THE DATA below:

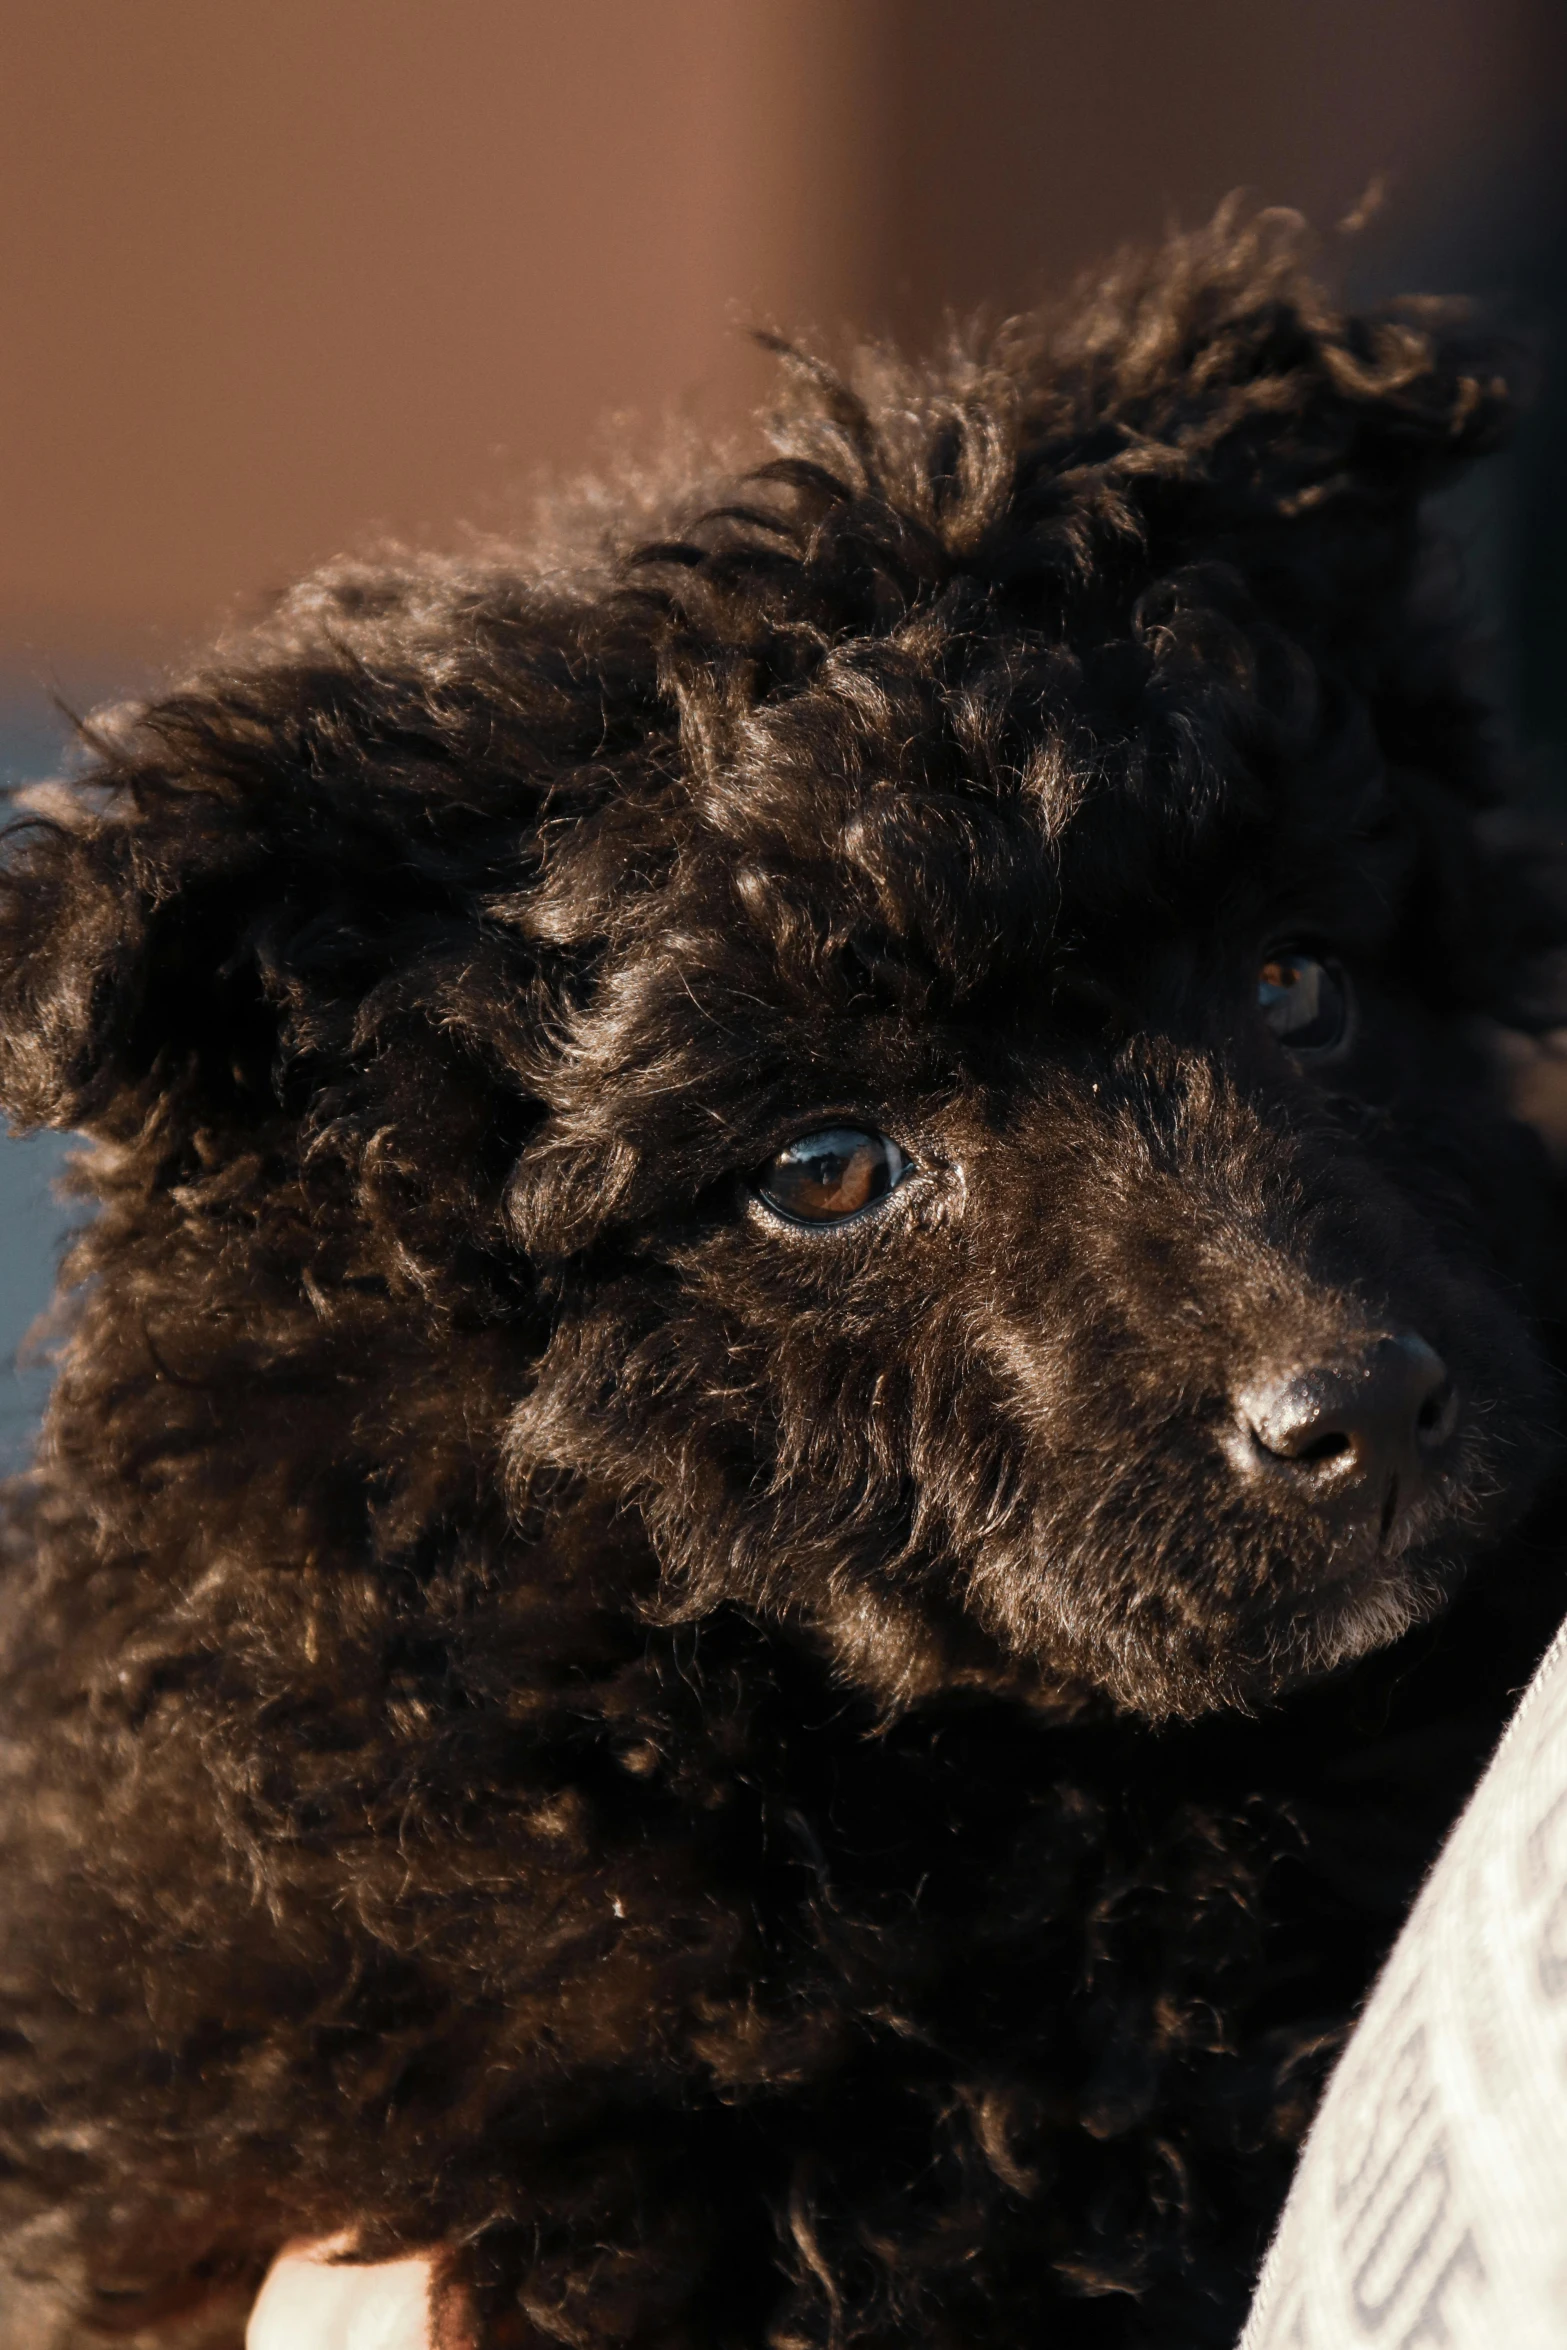 a close up of a poodle being held by someone
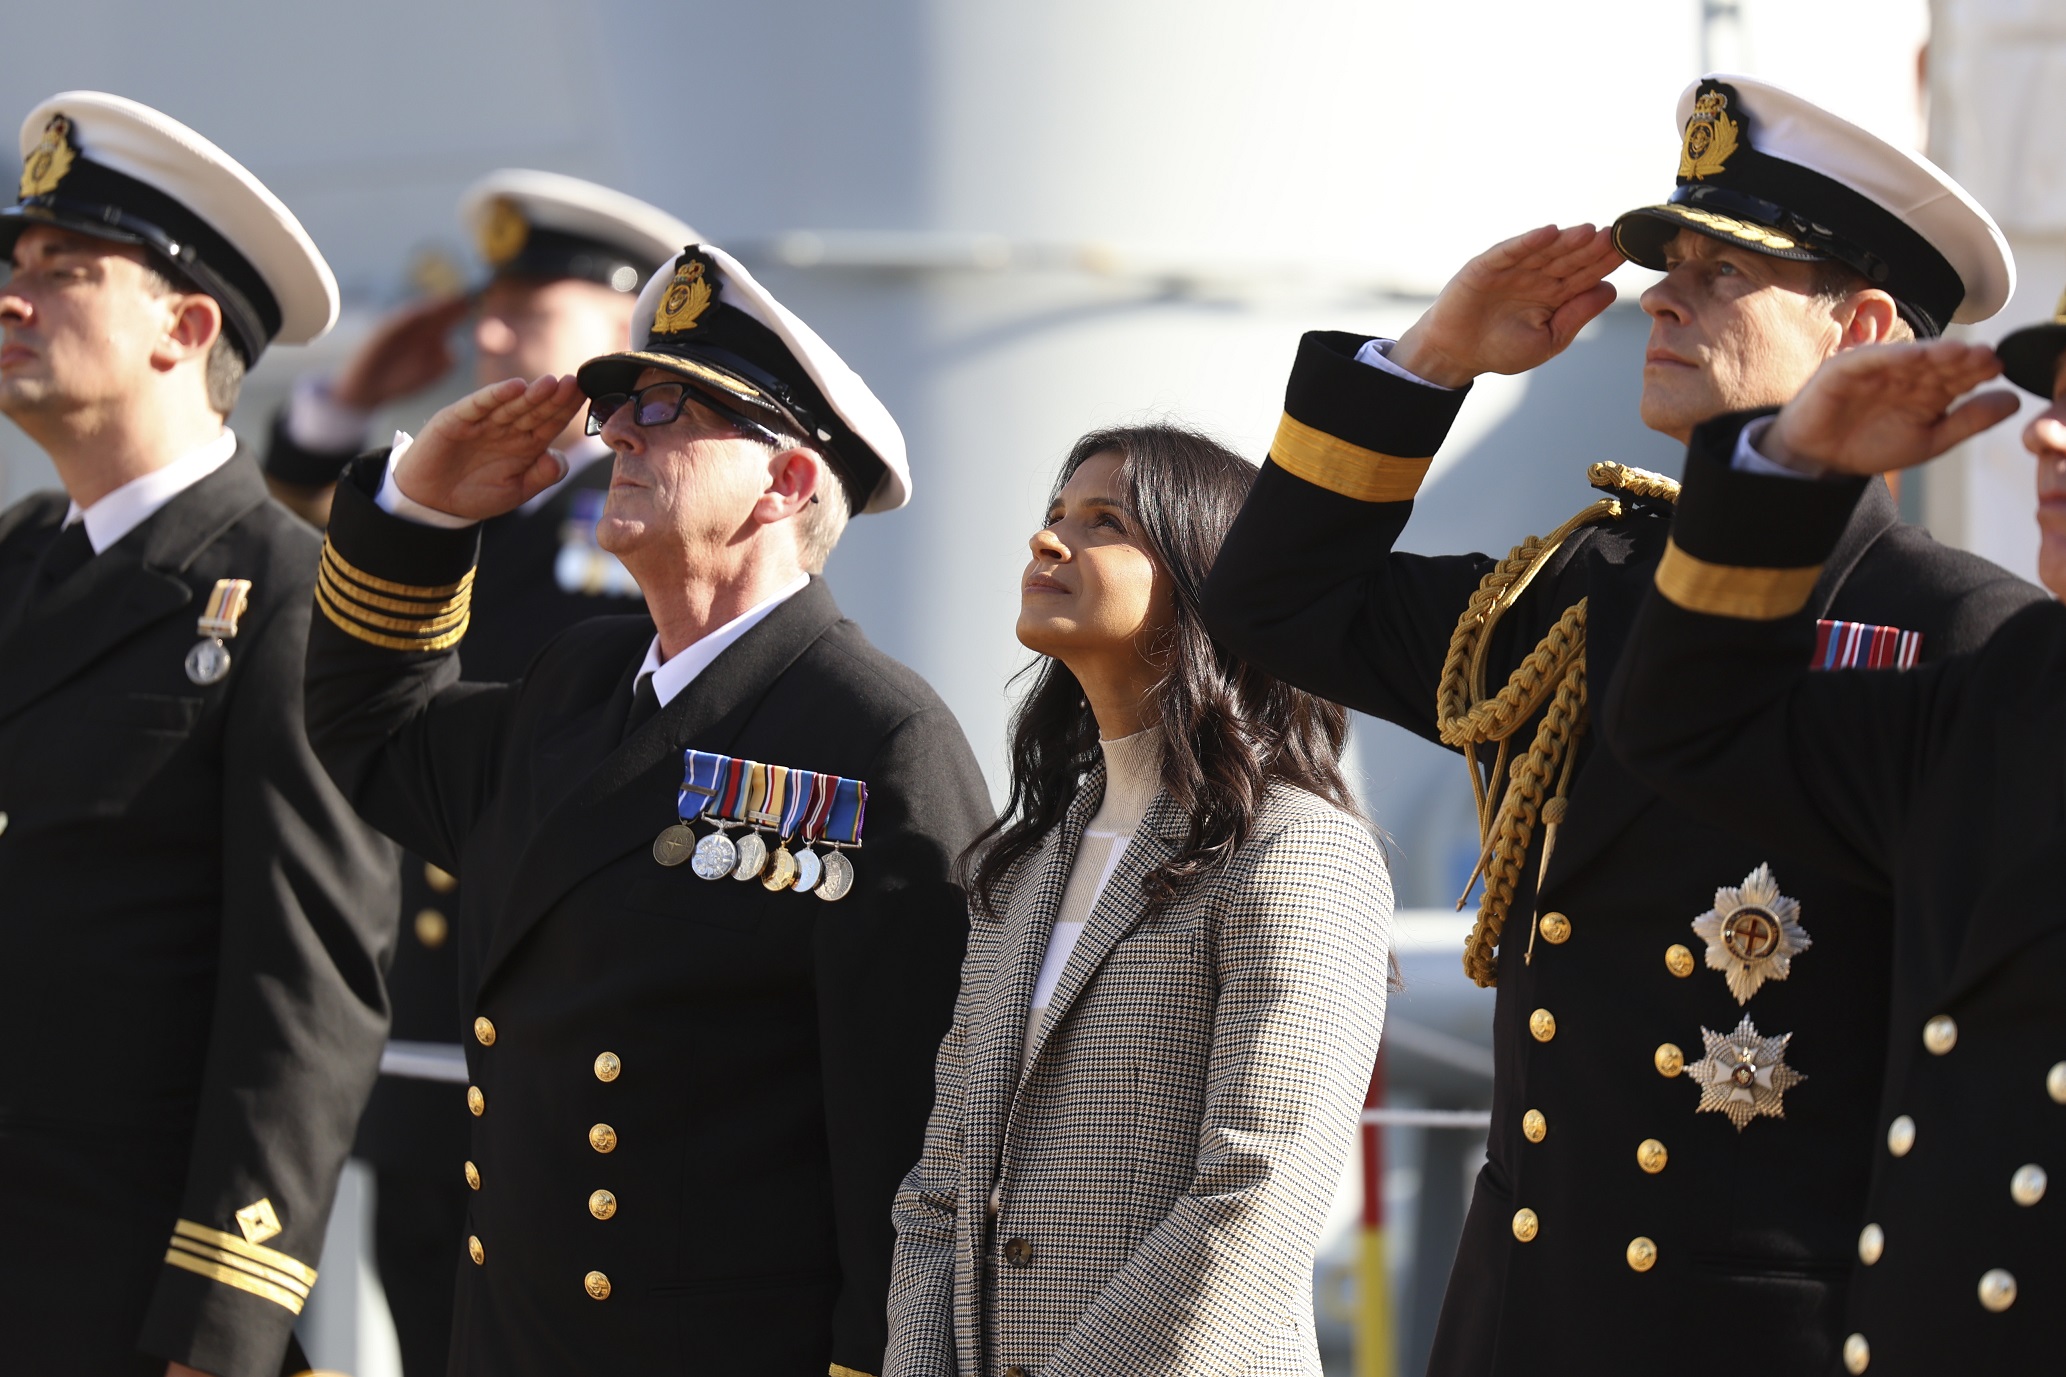 HRH Prince Edward, The Duke of Edinburgh, and businesswoman Akshata Murty, the wife of Prime Minister Rishi Sunak aboard RFA Proteus for the Service of Dedication. The UK today has a new ship dedicated to monitoring the ocean depths. Dedicated at a ceremony in the heart of the nations capital, RFA Proteus will serve as the launchpad for remotely operated vehicles and a home to a suite of specialist capabilities similar to those found in the oil and gas industries. The ship, which will be operated by the Royal Fleet Auxiliary  the crucial support arm of the Royal Navy  was formally dedicated on the Thames in the presence of the RFA Commodore-in Chief, Prince Edward, The Duke of Edinburgh, and businesswoman Akshata Murty, the wife of Prime Minister Rishi Sunak, who will be Proteus Sponsor throughout the ship's active life.
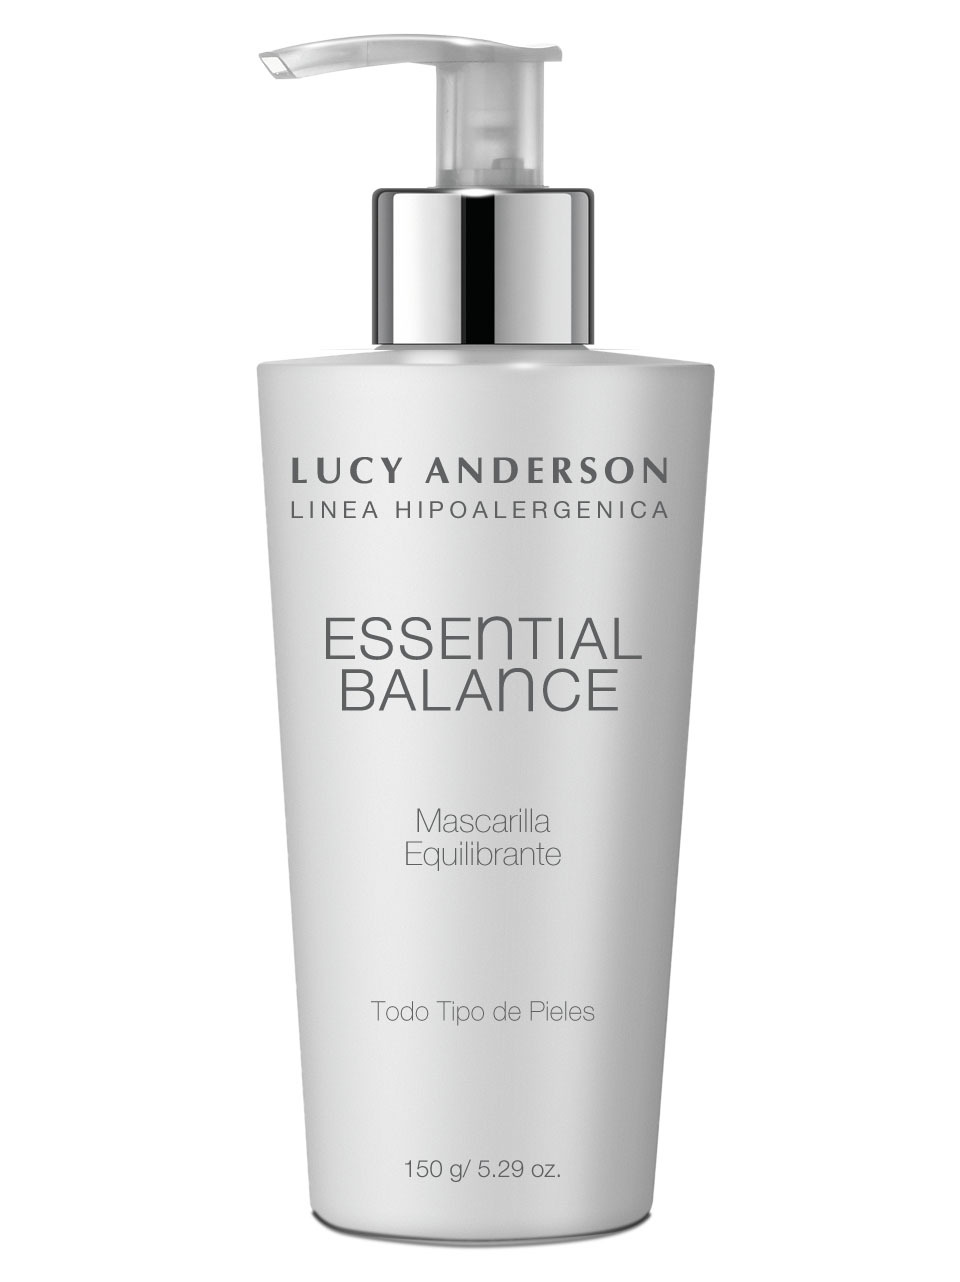 LUCY ANDERSON MASCARILLA EQUILIBRANTE ESSENTIAL BALANCE X 200 ML.

End of THE DATA.

* **WHAT IS EXPECTED**
Everything in the listing must be restated word for word, except for the pictures.

* **EXPECTED OUTPUT**
 a close up of a poodle being held by someone
 HRH Prince Edward, The Duke of Edinburgh, and businesswoman Akshata Murty, the wife of Prime Minister Rishi Sunak aboard RFA Proteus for the Service of Dedication. The UK today has a new ship dedicated to monitoring the ocean depths. Dedicated at a ceremony in the heart of the nations capital, RFA Proteus will serve as the launchpad for remotely operated vehicles and a home to a suite of specialist capabilities similar to those found in the oil and gas industries. The ship, which will be operated by the Royal Fleet Auxiliary  the crucial support arm of the Royal Navy  was formally dedicated on the Thames in the presence of the RFA Commodore-in Chief, Prince Edward, The Duke of Edinburgh, and businesswoman Akshata Murty, the wife of Prime Minister Rishi Sunak, who will be Proteus Sponsor throughout the ship's active life.
 LUCY ANDERSON MASCARILLA EQUILIBRANTE ESSENTIAL BALANCE X 200 ML.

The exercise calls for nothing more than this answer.